Effects of genetic polymorphisms of GSTM1, GSTT1, and GSTP1 genes on blood metal levels in non-ferrous metal alloy smelter operators
D.R. Shaikhova, A.M. Amromina, I.A. Bereza, A.S. Shastin, V.G. Gazimova, M.P. Sutunkova, V.B. Gurvich
Yekaterinburg Medical Research Center for Prophylaxis and Health Protection in Industrial Workers, 30 Popova Str., Ekaterinburg, 620014, Russian Federation
Heavy metal ions are known to induce generation of a large number of reactive oxygen species (ROS). Glutathione S-transferases (GSTs) play an important role in adaptation and response to oxidative stress. GSTM1, GSTT1, and GSTP1 genes have numerous described polymorphisms, the most significant being GSTM1, GSTT1, and GSTP1 Ile105Val deletion ones.
Our objective was to study the relationship between the genetic polymorphism of GSTM1, GSTT1, GSTP1 genes and blood levels of metals in smelter operators engaged in crude lead refining.
We examined 55 male lead-refining furnace operators working at a non-ferrous metal alloy plant. Blood metal concentrations were measured by inductively coupled plasma mass spectrometry. GSTM1 and GSTT1 deletion polymorphisms were determined using real-time SYBR Green qPCR and that of GSTP1 Ile105Val – using a commercial SNP Screening Kit. Statistical data processing was carried out using the Mann – Whitney U-test.

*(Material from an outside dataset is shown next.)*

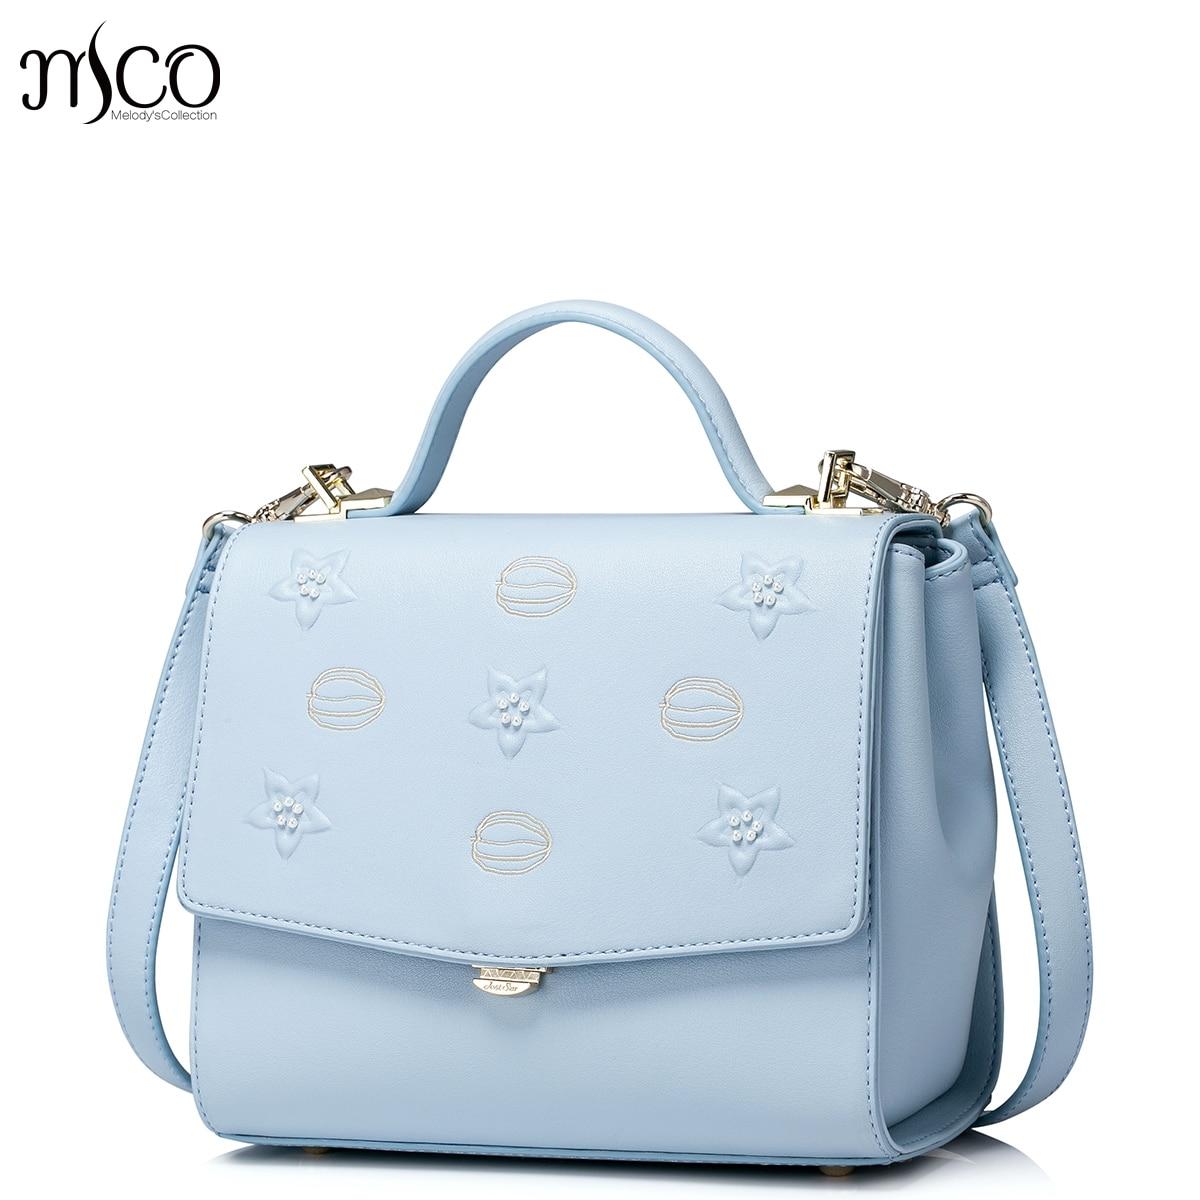 2017 New Fashion Stars Printing Fresh Blue Flap Handbag For OL Ladies Luxury Embroidery Women Shoulder Bag Small Messenger Bags стоимость

Blood levels of industry-specific metals were not statistically different between the workers with GSTT1 and GSTP1 genotypes. We established, however, that men with the null genotype of GSTM1 had significantly higher blood arsenic levels.
Our findings indicate that a high blood arsenic level associated with occupational exposure may be attributed to the GSTM1 null genotype. This observation can be used to identify the most vulnerable groups of individuals at risk of overexposure to arsenic.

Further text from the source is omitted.